### Task directions
Reproduce the listing in its entirety. Do not reproduce the pictures.

### Recorded data
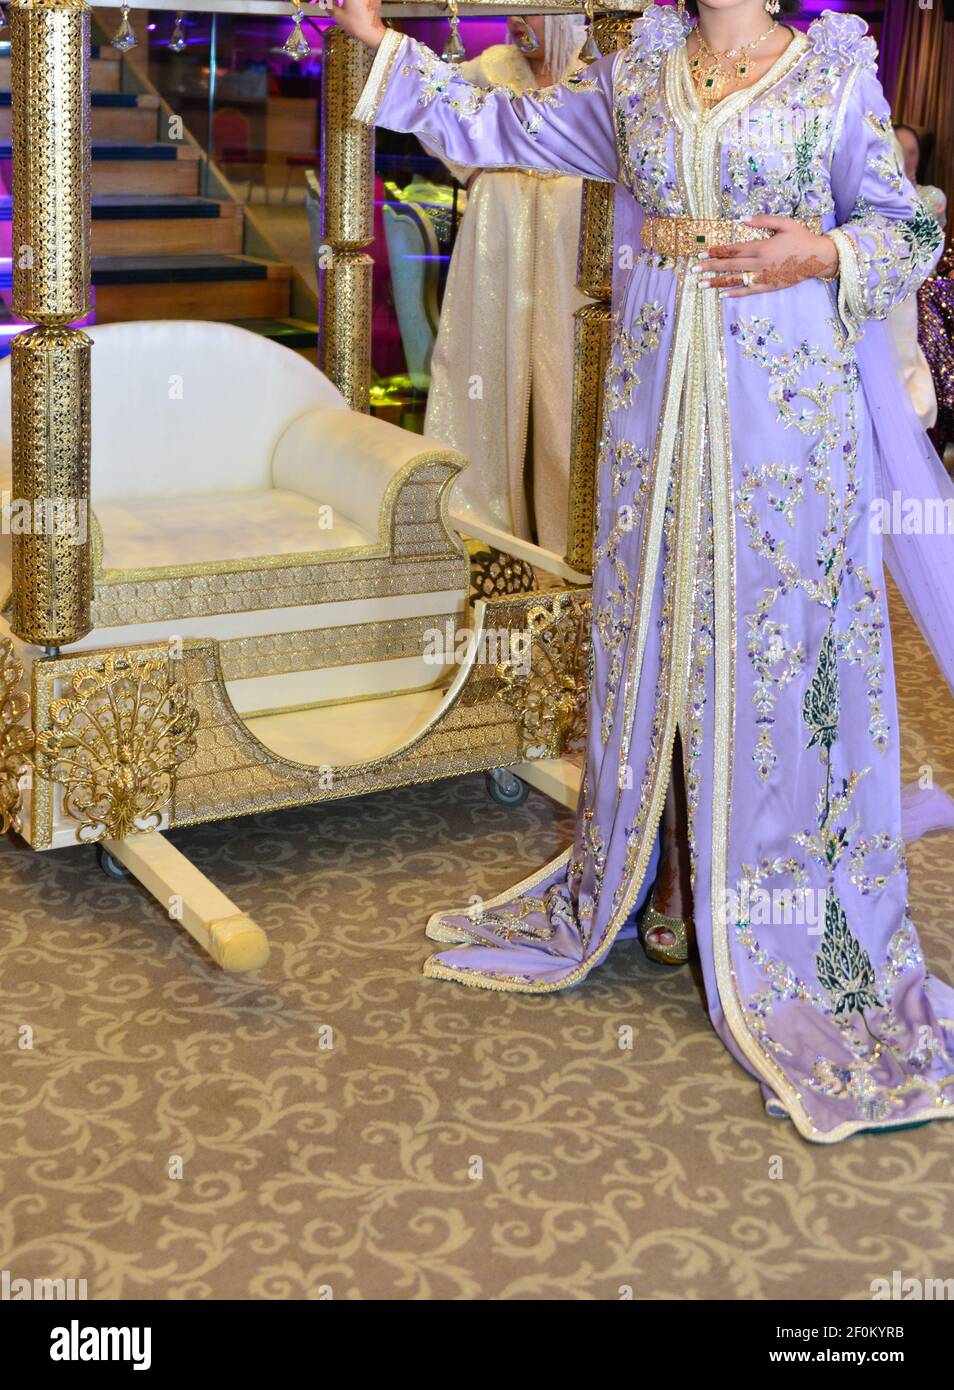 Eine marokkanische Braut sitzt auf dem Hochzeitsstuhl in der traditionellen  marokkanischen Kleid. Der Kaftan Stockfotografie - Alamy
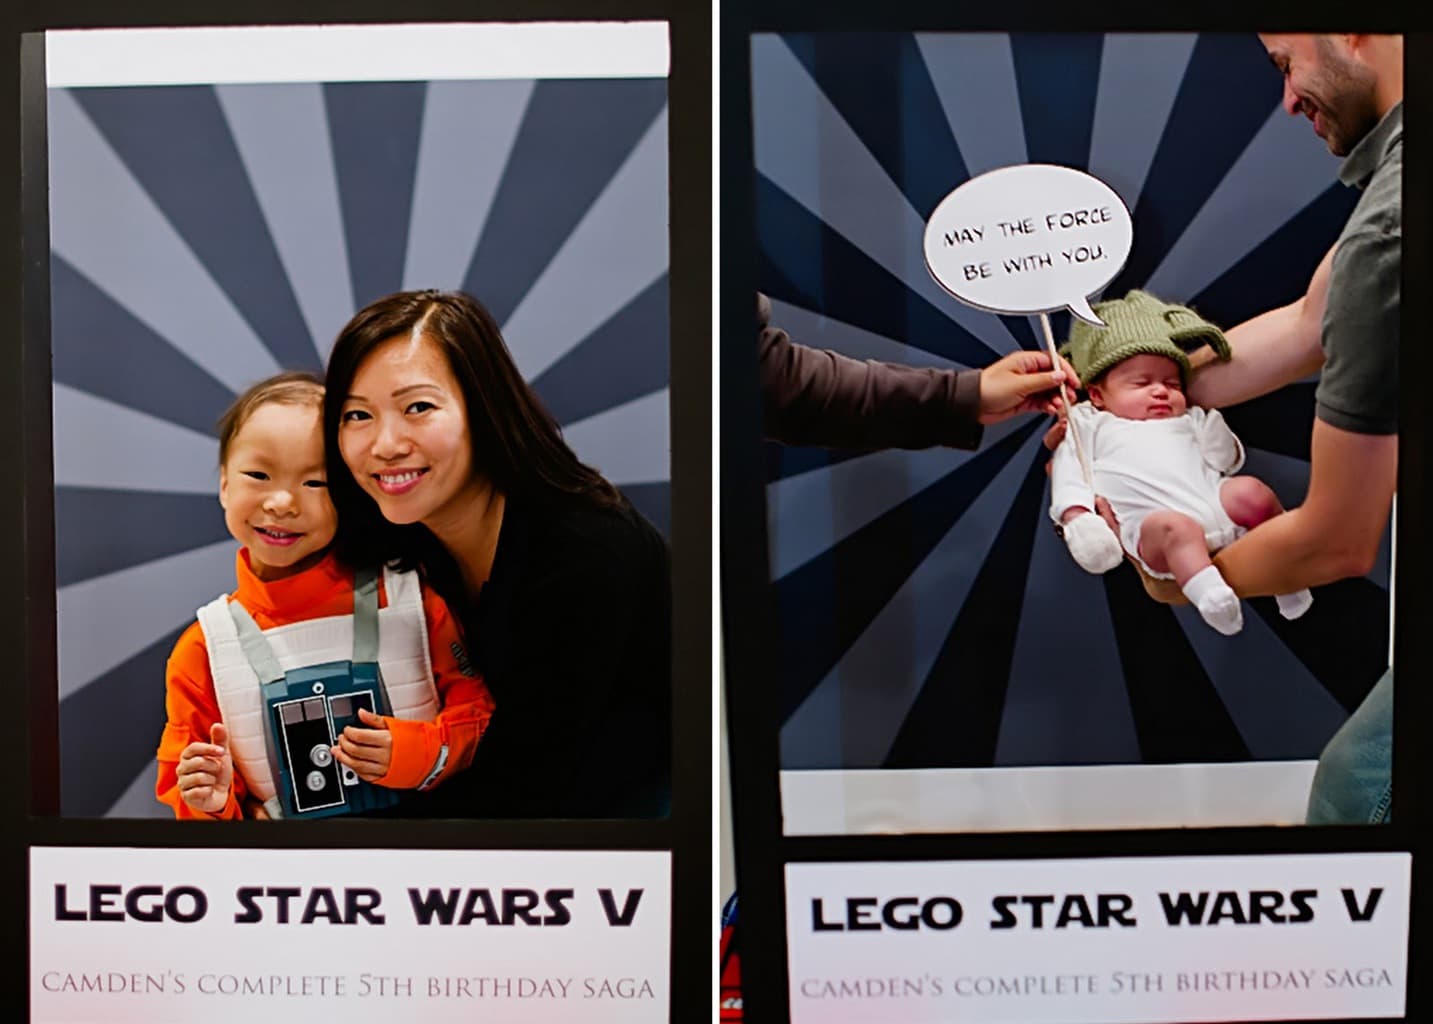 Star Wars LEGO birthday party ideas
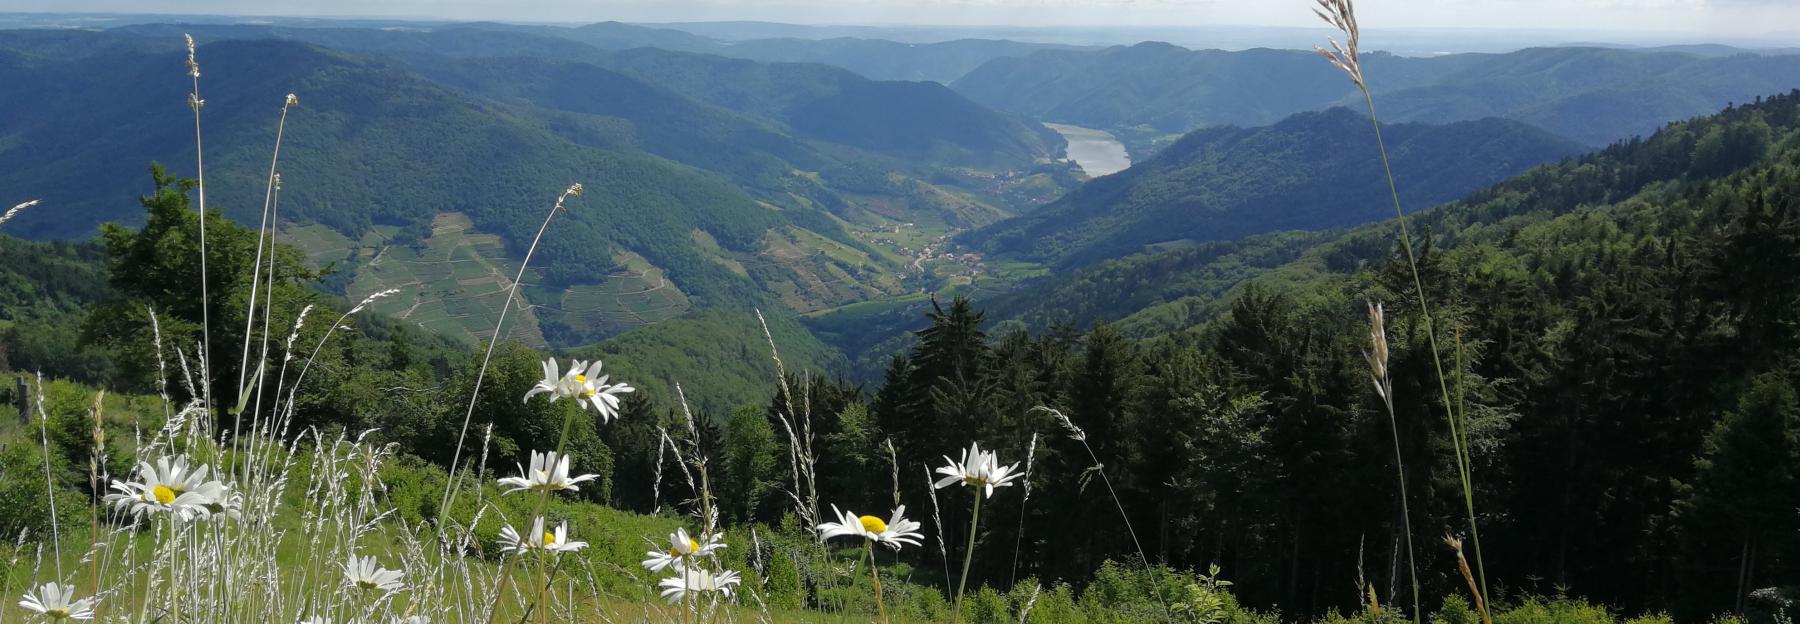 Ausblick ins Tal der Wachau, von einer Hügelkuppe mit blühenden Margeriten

### Task answer
 Eine marokkanische Braut sitzt auf dem Hochzeitsstuhl in der traditionellen  marokkanischen Kleid. Der Kaftan Stockfotografie - Alamy
 Star Wars LEGO birthday party ideas
 Ausblick ins Tal der Wachau, von einer Hügelkuppe mit blühenden Margeriten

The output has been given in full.